Bishop Brian Tamaki has raised the stakes with his Destiny Church followers, exhorting them to leave behind houses, jobs – even family members – to join him at a "City of God" he is building in South Auckland.
At the church's annual conference in Rotorua on Friday night, Tamaki spent his entire two-hour sermon talking about how God had told him to build the city and why his followers had to lose their "parochialism" towards their home areas, even if it meant leaving behind loved ones.
Cult expert Mark Vrankovich said the speech was designed to "soften up" Tamaki's followers and the real pressure to move to South Auckland would come with one-on-one sessions with local pastors.
"Saying that the church family is more important than your physical family, that you must go with the spiritual family, is a classic cult idea. This will put great pressure on families and break up families."
Vrankovich was also concerned that Tamaki appeared to be encouraging people to sell their homes. "They'll be pressured to give the money from the house sale to the church, and they'll never see it again. He's extracting money from people for his dream, and something that he will effectively own. He wants to be mayor or king of this 'city' so he's softening them up to get them to move [to Auckland] so he's guaranteed not to be losing money on the deal."
Tamaki announced at a New Year's Eve service that Destiny Church had permission to build schools, a university and a massive auditorium at a property in Wiri, which he calls the "new Jerusalem".
The church has put its Mt Wellington headquarters up for sale to help fund the move, which is due to happen in December. It hopes to get more than $5 million from the sale.
It is unclear if people would live on site or nearby.
Tamaki said he would unveil more details throughout the weekend. People were encouraged to give generously and buckets were passed around even before Tamaki took the stage.
He was welcomed to the stage by a kapa haka group, which did a haka describing Tamaki as "the mouthpiece of God" and a "prophet".
Tamaki said God had spoken to him through the Book of Hebrews telling him to build a city. In Abraham's time people lived in tents in the desert, but Destiny members had to leave behind their "tent mentality" and aim for something "far bigger, far greater ... a City of God".
He acknowledged that when he first raised the idea five years ago, it "sent the movement into a tailspin.

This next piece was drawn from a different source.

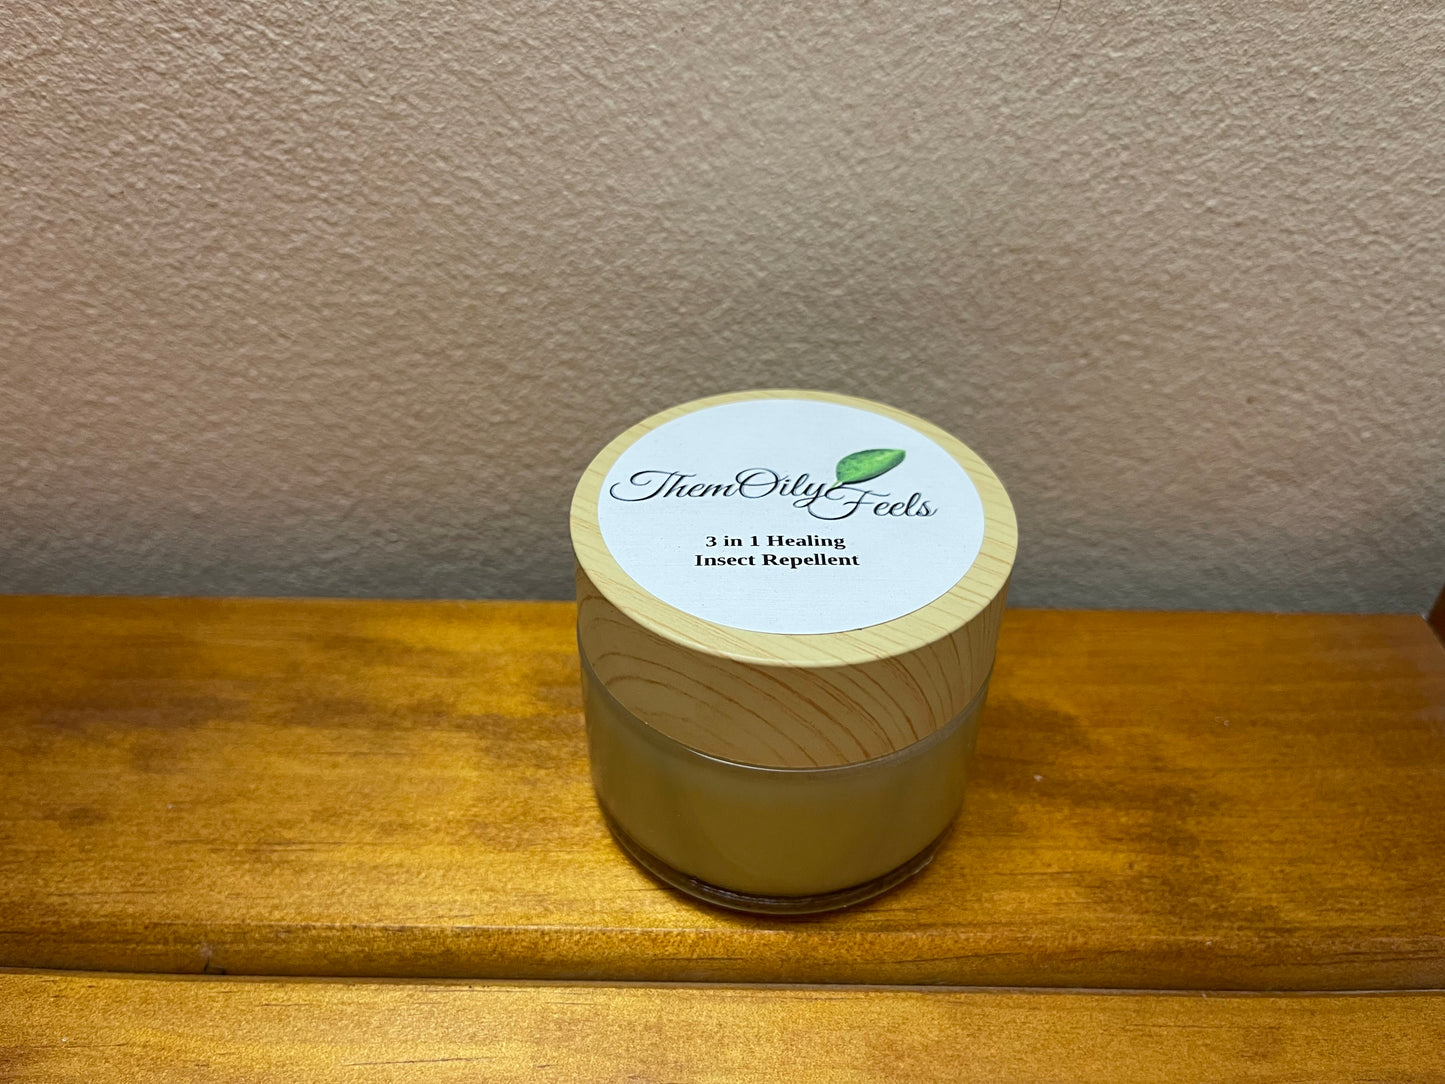 3 in 1 Healing Insect Repellent Balm
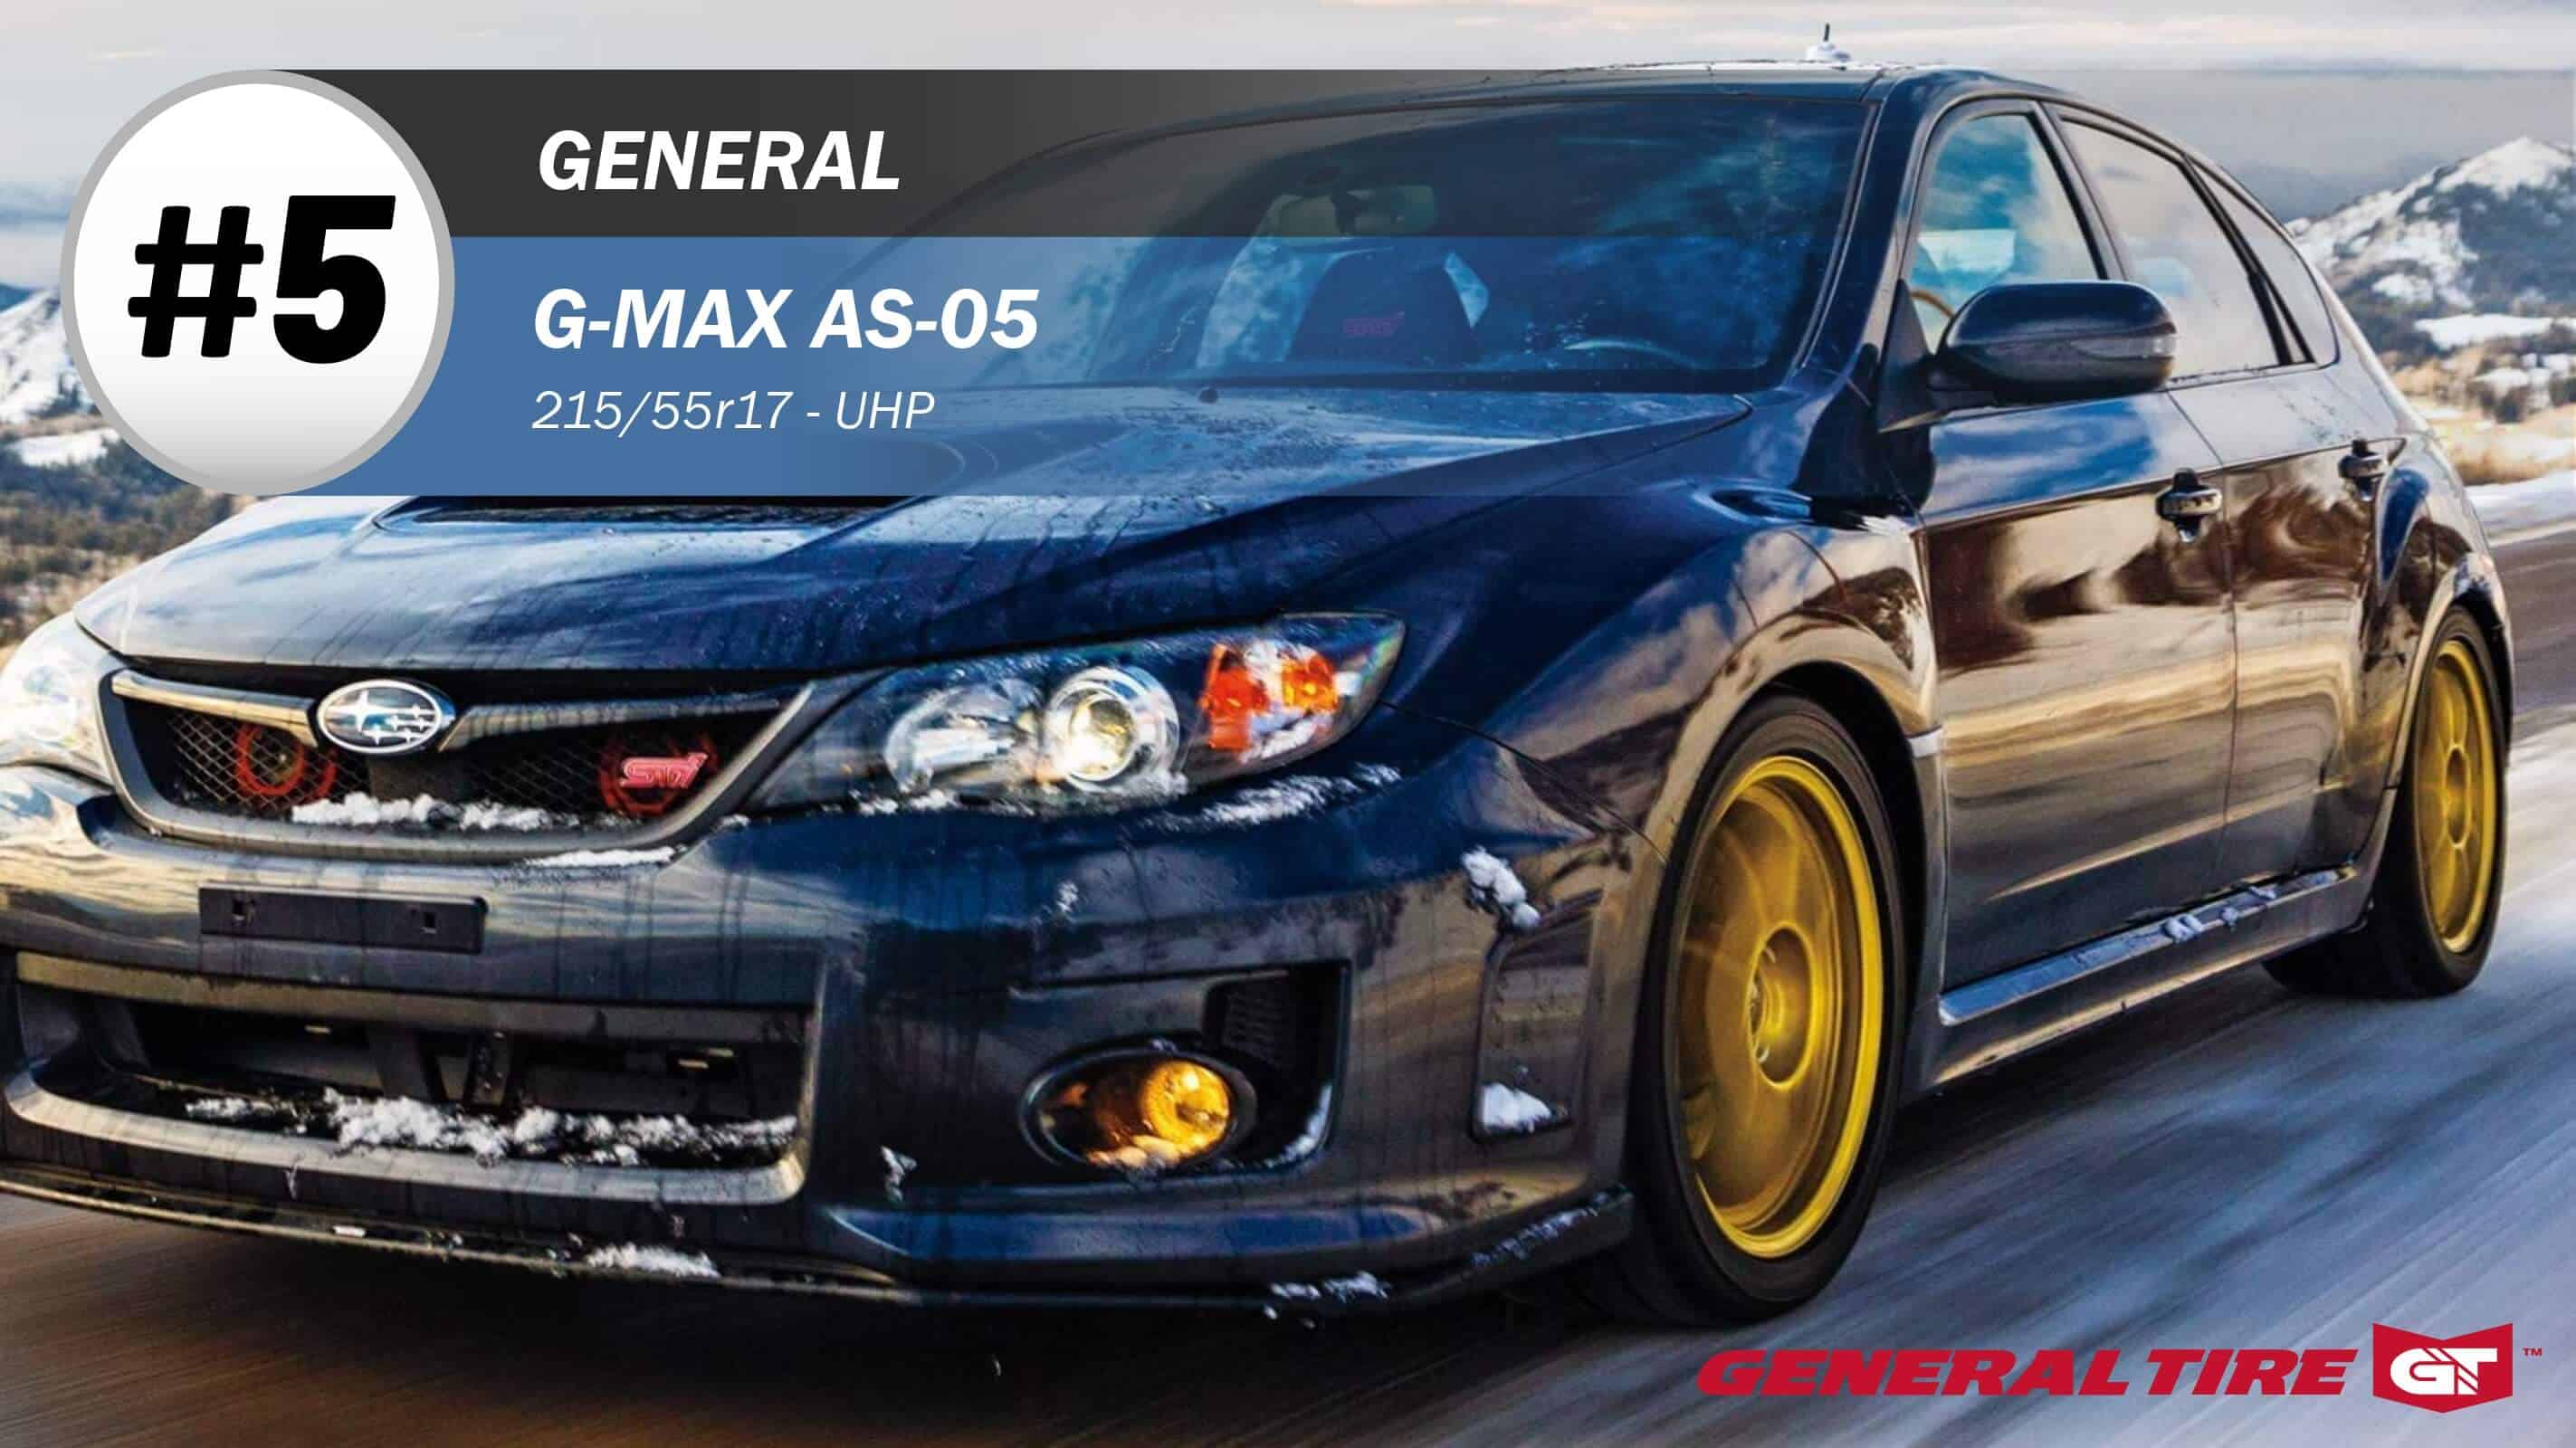 Top #5 UHP Tires: General G-Max AS-05 – 215/55r17

Some people even left".
But they were stuck in a rut, and had a "tent mentality", meaning they were wedded to the idea of many different Destiny Churches around the country.
"I fought for 10 years, seven of those just trying to change the parochial spirit of my pastors and ... we had to let some go or I had to tell some 'go away', because God is building a church that's one – one vision, one people, one direction."
Tamaki said parochialism would "sabotage city-building" and people had to give up their loyalties.
"People get a funny, wee strange loyalty to a house. [People say] 'This is the house my parents grew up in. I can't leave here, this is my family.' Well if you can't, you can't, but, bye bye, we're going."
He said reluctant family members would see what a great thing had been built "and want to come too".
Vrankovich said the New Testament spoke of the need to put families first, and nothing Tamaki was saying was biblically correct.
Tamaki said if people felt uneasy about his plan, "cool, just keep coming back tomorrow and the next day, and you'll see God's masterplan".